И все же отчаяние часто перехватывало ему горло, словно собираясь выжать из него радость, любовь и живую силу ненависти, чтобы швырнуть как пустую оболочку, о мрачную и грозную стену страха. Но он молился, молился с таким жаром и страстью, будто хотел заставить Бога послать ему утешение, какое он в минуту слабости утратил. Да, надо быть сильным и все время настороже… Это самое главное, а самое страшное — апатия, в которую впадали многие солдаты… Этот липкий полумрак между сентиментальностью и тщеславием, который иногда освещала лишь какая-нибудь слезливая кинолента…
Не спите, не спите, ибо мира нет на земле! Да, это он знает по собственному опыту: стоило лишь на миг закрыть глаза, как в его душу тут же заползало ядовитое отчаяние, такое сладкое и такое безжалостное.
Когда в коридоре раздался свисток, означавший окончание чистки оружия, Кристоф быстро вставил затвор и сунул винтовку в козлы, стоявшие в коридоре; он все подготовил так тщательно, что после свистка провел в казарме меньше минуты. Конечно, могла найтись тысяча придирок, которая превратила бы эту минуту в час: настроение младших божков всегда висело над ним подобно грозовой туче. Оно могло излиться бешеным водопадом, заполнить драгоценное время скучной и бессмысленной уборкой, а когда он уже был в шинели, перехватить его где-нибудь в коридоре и заставить еще что-то делать; эта угроза тяготила его постоянно, увернуться от нее было просто невозможно. Правда, обычно ему удавалось промчаться вниз по лестнице, по двору и через караулку, опустив голову и глядя себе под ноги; только после этого он замедлял шаг и шел легко и свободно…
Там, за этими стенами, была жизнь…
Кристоф, уже готовый к выходу, в душе дрожавший от нетерпения, но внешне спокойный и дружелюбный, стоял посреди комнаты и записывал, что ему следует принести из города остальным, устало валявшимся по койкам. В основном речь шла о жратве: каких-то необыкновенных деликатесах, особых видах колбас или пирожных. Большинство солдат наслаждались отдыхом, покуривая и жалуясь на боль во всем теле; из коридора доносились пение и свист — отчаянный шум, который обычно бывает в начале свободного времени. Кристоф чувствовал, что нетерпение в нем нарастает, словно шторм на море… А тут на него напал еще и страх, страх перед непредсказуемостью этой системы; Боже мой, в любой момент в комнату мог войти кто-нибудь из начальства и опять подцепить его на крючок. А ему сегодня нужно, просто необходимо было увидеться с Корнелией.

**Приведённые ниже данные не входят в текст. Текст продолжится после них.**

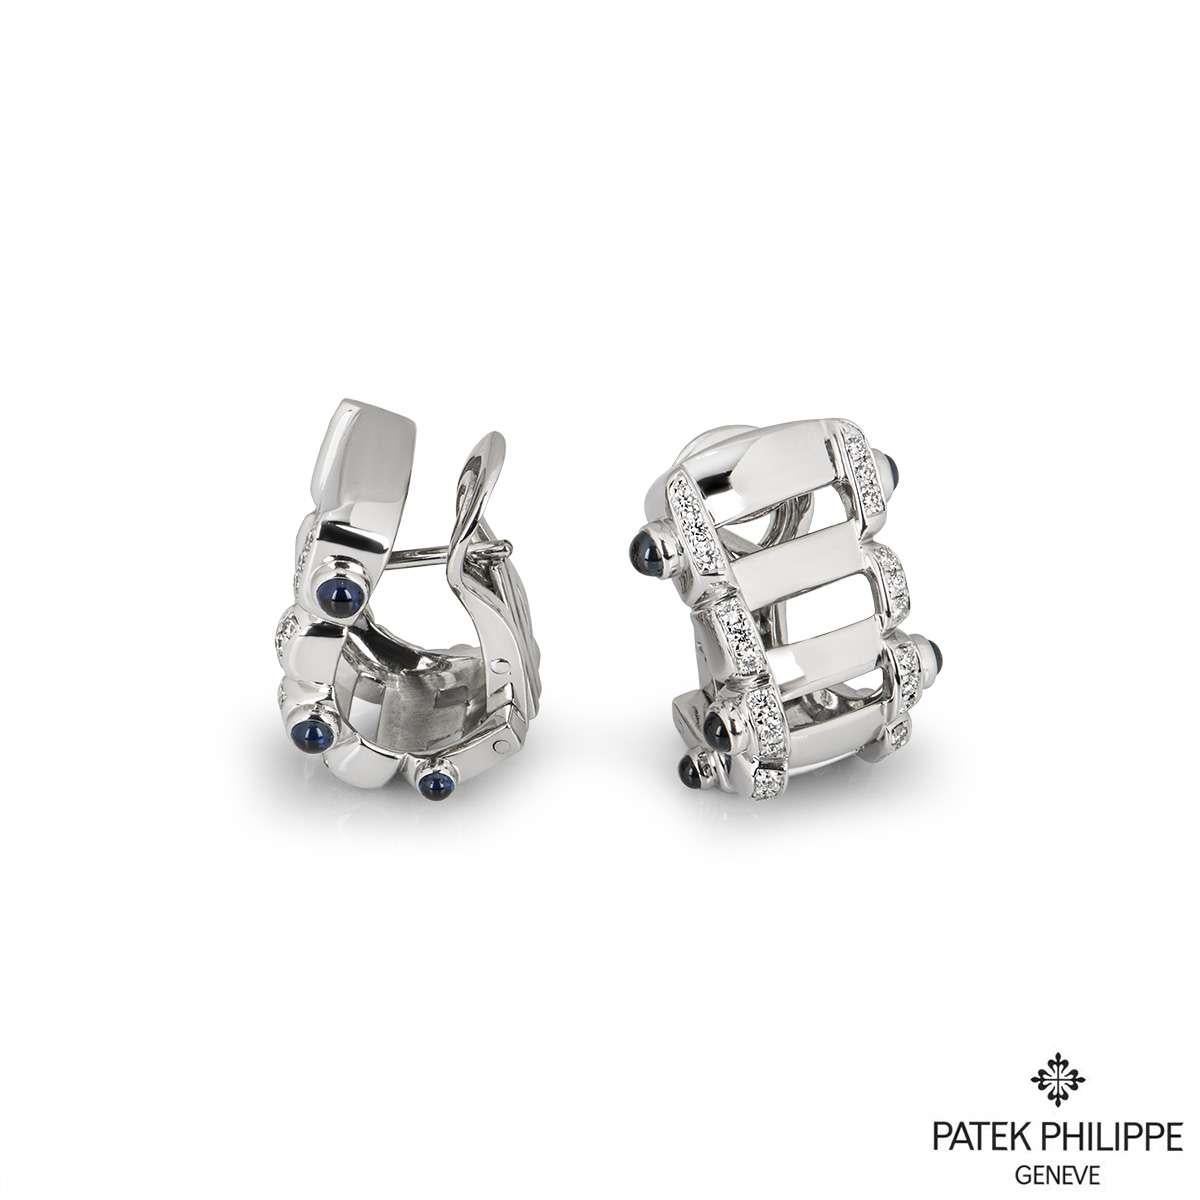 A pair of 18k white gold diamond earrings from the Twenty-4 collection by Patek Philippe. The earrings feature 60 round brilliant cut diamonds with a total weight of approximately 0.43ct. Set to the sides of the earrings are 12 cabochon blue

Внезапно он решился: сделав отмашку, сунул листок со списком заказов в карман и исчез, потому что, краснея от стыда, почувствовал, что над ним опять начали насмехаться.
В неярком свете фонарей весело кружились снежинки; эти нежные и недолговечные зимние бабочки из жалости к людям миллионами оседали на невыносимо скучном скопище казарменных зданий, смягчая наводимый теми ужас. Все убыстряя шаг, Кристоф пролетел по безлюдному двору, небрежно отдав честь, проскочил караулку — он чувствовал, что ноги вот-вот перестанут его слушаться, если он даст им передышку. Дорогу он знал теперь наизусть: вдоль решетчатой, бесконечно длинной ограды, пока в полумраке не возникнут дома и огни трамвая, появление которого сопровождал скрежет переводимой стрелки. Но сегодня он свернул направо — на улицу, которая вела в центр города, чтобы успеть до свидания сделать заказанные ему покупки; конечно, куда приятнее было бы спокойно помечтать, стоя у портала театра в хороводе снежинок, и ждать свидания с той жаркой радостью, какая знакома лишь влюбленным, когда каждая секунда полна восторгом уверенности и когда тысячи секунд блаженнейшей радости падают с древа времени точно маленькие, светлые, манящие плоды…
Но если его кто-нибудь просил об услуге, даже самый мерзкий из насмешников, он был совершенно не способен отказать. Поэтому Кристоф и начал обходить со списком одну за другой лавки мясников, булочников и непривычно пахнувшие магазины деликатесов; подумав, что раздача покупок опять вызовет ненужную суету с кучей вопросов и просьб, он затолкал все в свою объемистую папку. Облегченно вздохнув, зачеркнул, наконец, последний пункт в списке. Между тем он уже пересек узкую полосу городского предместья и нырнул под темную и широкую эстакаду, которая вела в Старый город. На прекрасных старинных зданиях и церквах лежала странная холодная печать косной Реформации — словно засушенный нерасцветший цветок. Желая избежать надоевшего приветствия встречных офицеров, которое мешало ему думать и мечтать, Кристоф пересек ярко освещенную главную улицу и подошел к театру по одной из тех темных и узких боковых улочек, где фасады старинных патрицианских домов с важным безразличием взирают на небо, словно кулисы после спектакля — величественные и в то же время жалкие.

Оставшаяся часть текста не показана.